Bombing Paradise: The Pentagon Expands its List of Pacific Islands Targeted for Destruction

October 29th, 2013 - by admin

Moana Nui & Rolynda Jonathan / OceanaTV & Michael Hadfield / The Sierra Club & NDJ World Mobile – 2013-10-29 02:33:14

Special to EAW

US Military Planning to Target Pagan Island

US Considers CNMI For Military Explosives Training
Rolynda Jonathan

/ OceanaTV

(June 16, 2013) — The United States military is considering the Commonwealth of the Northern Marianas Islands (CNMI) for an explosive training site. Two areas in CNMI, namely Tinian and Pagan are being explored as potential sites for live explosive training as part of the US’ military build up in the Pacific. But opposition movements on CNMI have expressed concerns about potential environmental damage and access to areas with cultural significance such as Pagan.

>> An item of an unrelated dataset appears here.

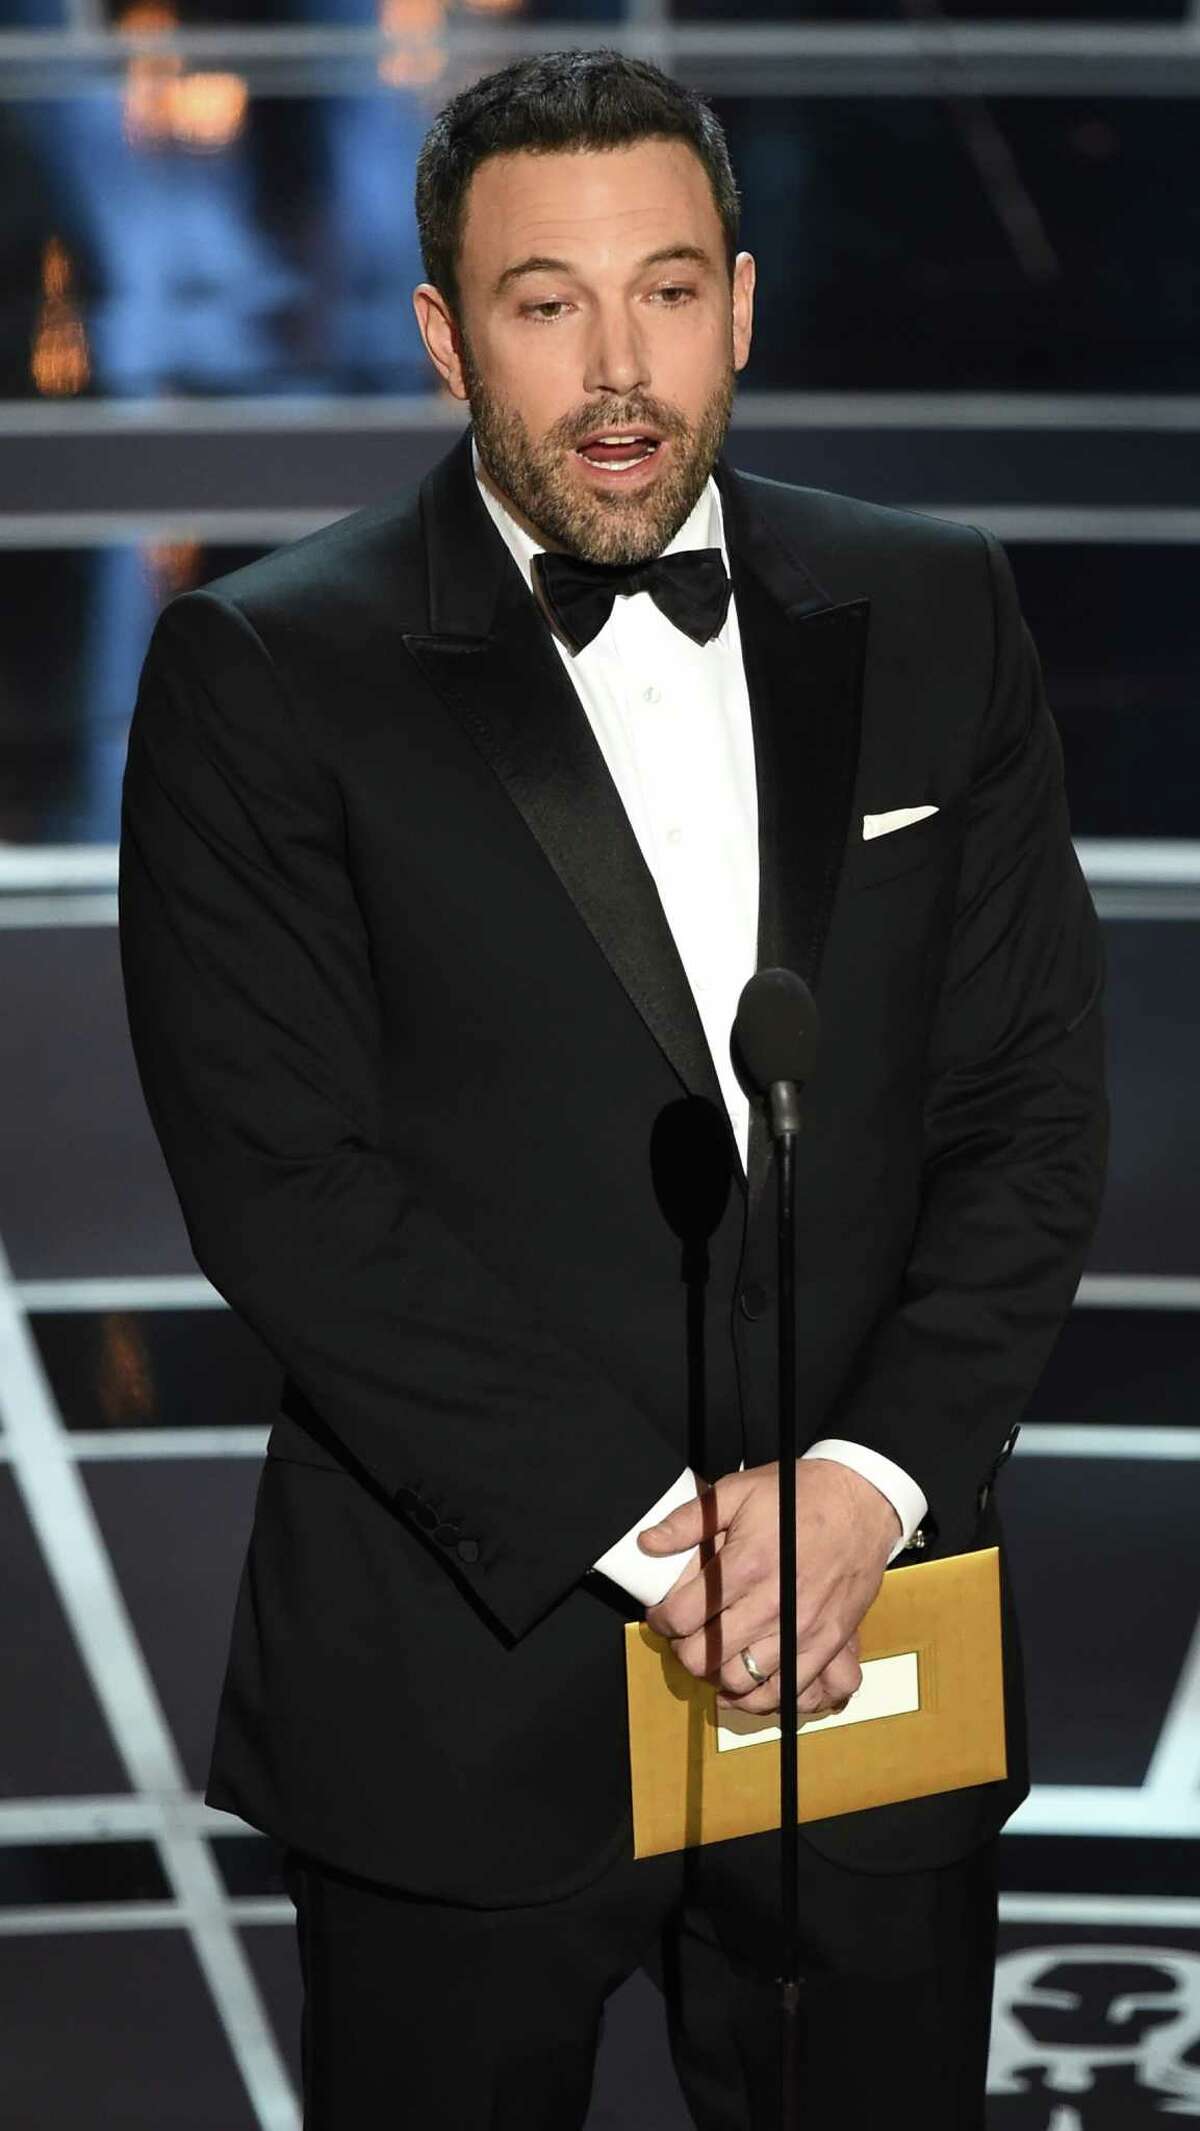 (FILES) This February 22, 2015 file photo shows Ben Affleck as he presents an award on stage at the 87th Oscars in Hollywood, California. Ben Affleck says he was "embarrassed" upon learning he had slaveholding ancestors, and regrets asking US television producers to censor that fact from a program about his family's past. Affleck was featured late last year in the television program "Finding Your Roots," a nationally broadcast program that profiles the family histories of well-known Americans.The actor -- known as an ardent supporter of liberal causes -- was dismayed to learn that in addition to a forbear who was a Revolutionary War hero, he also had a long-ago relative who was a slavemaster. AFP PHOTO / Robyn BECKROBYN BECK/AFP/Getty Images

The US military eyed CNMI as a potential location for the Marines training site as Guam and Hawaii are reportedly at capacity. 
Major Neal Fisher Marines Public Affairs Officer on Guam told Radio New Zealand that an environmental impact report will be prepared over the next year and if live-fire activity have a severe impact on CNMI, they will return to the drawing board.



A Guam Pacific Daily News report indicates that the US military restructure in the Pacific costs $12.1 billion, but the military cannot provide accurate cost information to budget makers until environmental studies including negotiations with host nations such as Guam and the CNMI are complete.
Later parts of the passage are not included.